● PROVIDED DATA:
----

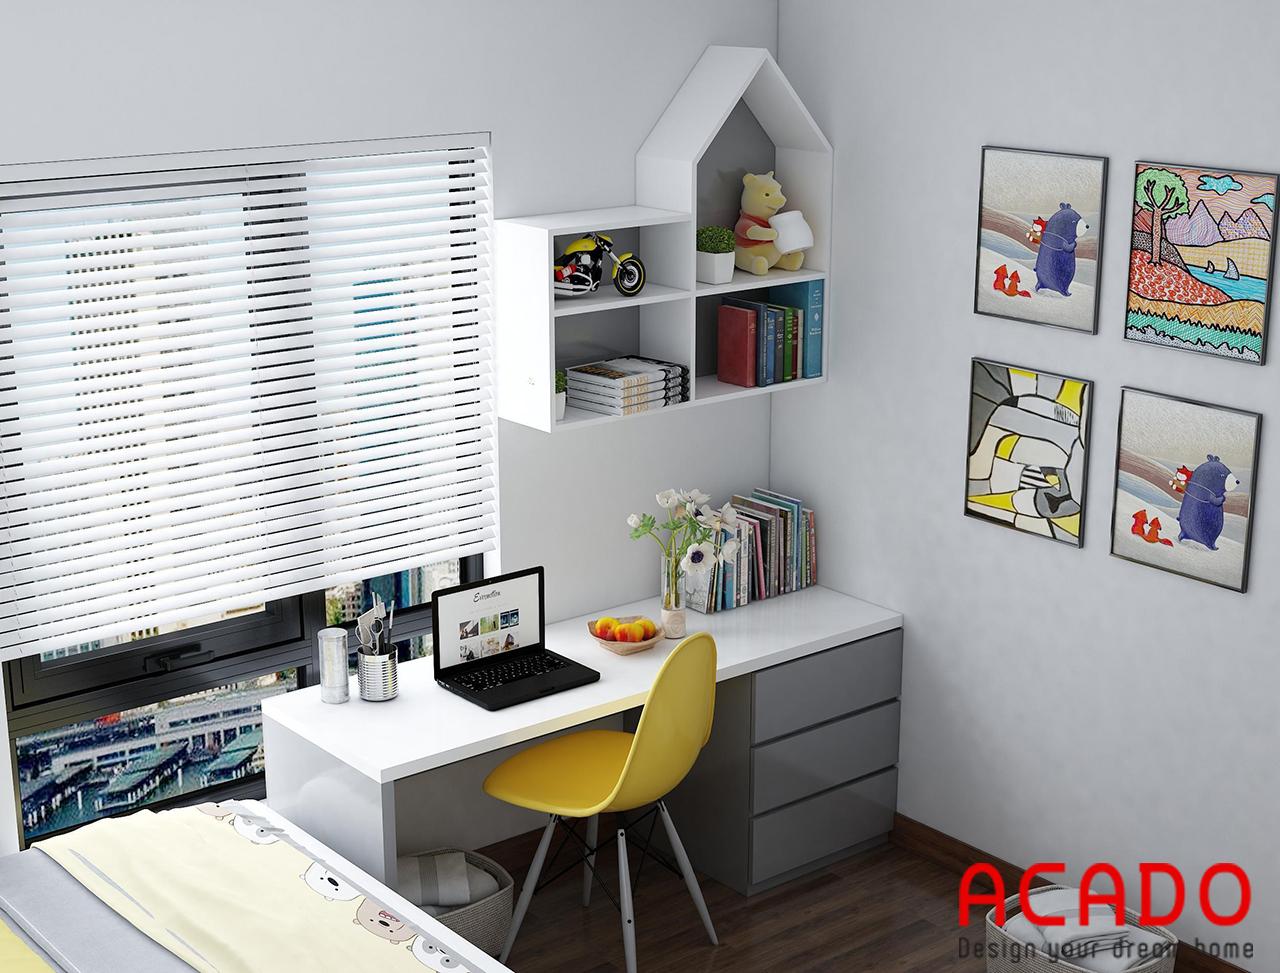 Thiết kế bàn làm việc và giá sách phòng ngủ 01 kiểu dáng hiện đại, trẻ trung
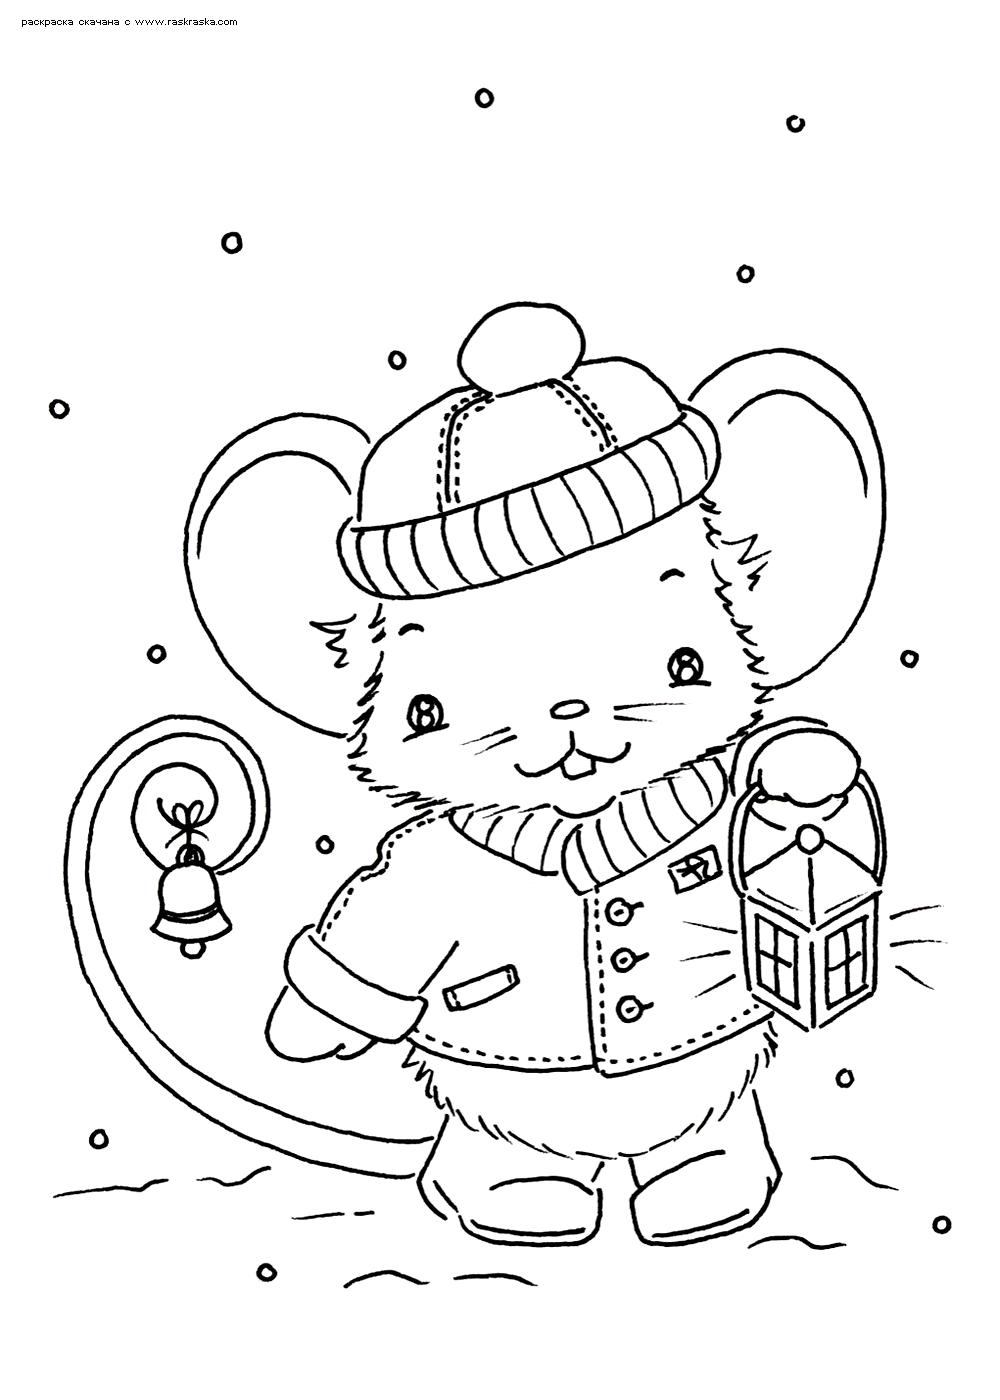 Раскраска Новогодний мышонок. Раскраска мышь, крыса
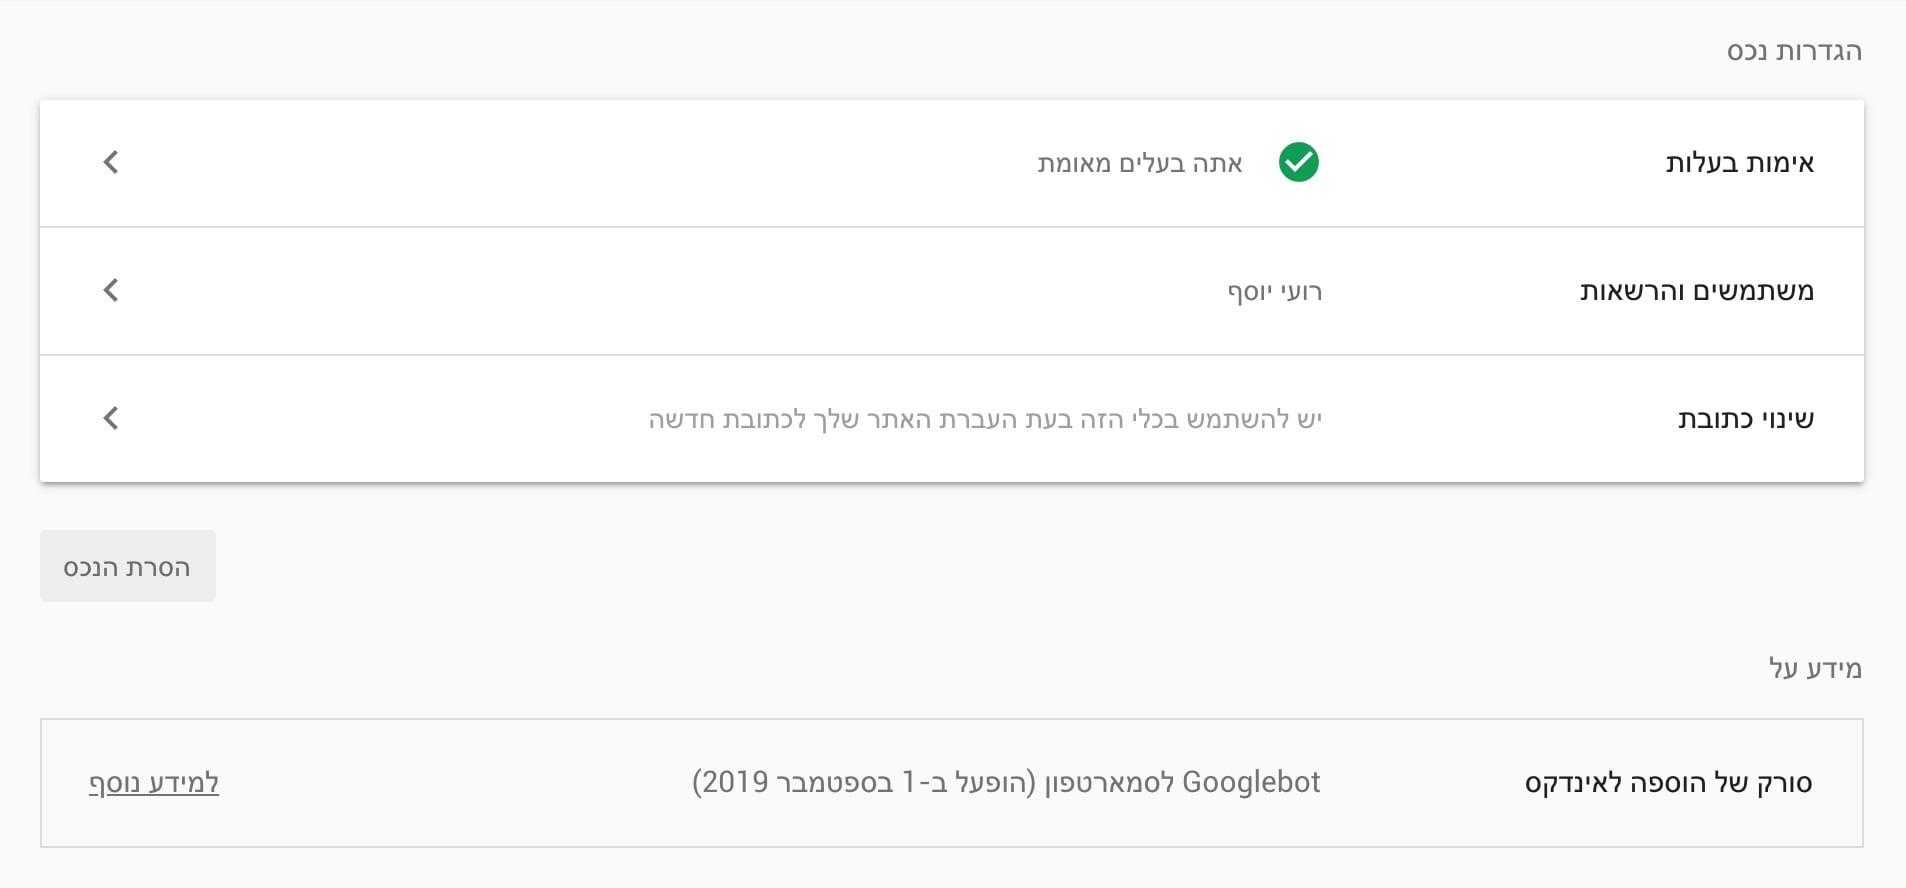 הגדרות - Google Search Console

----

Give back each line above verbatim, dropping every picture.

 Thiết kế bàn làm việc và giá sách phòng ngủ 01 kiểu dáng hiện đại, trẻ trung
 Раскраска Новогодний мышонок. Раскраска мышь, крыса
 הגדרות - Google Search Console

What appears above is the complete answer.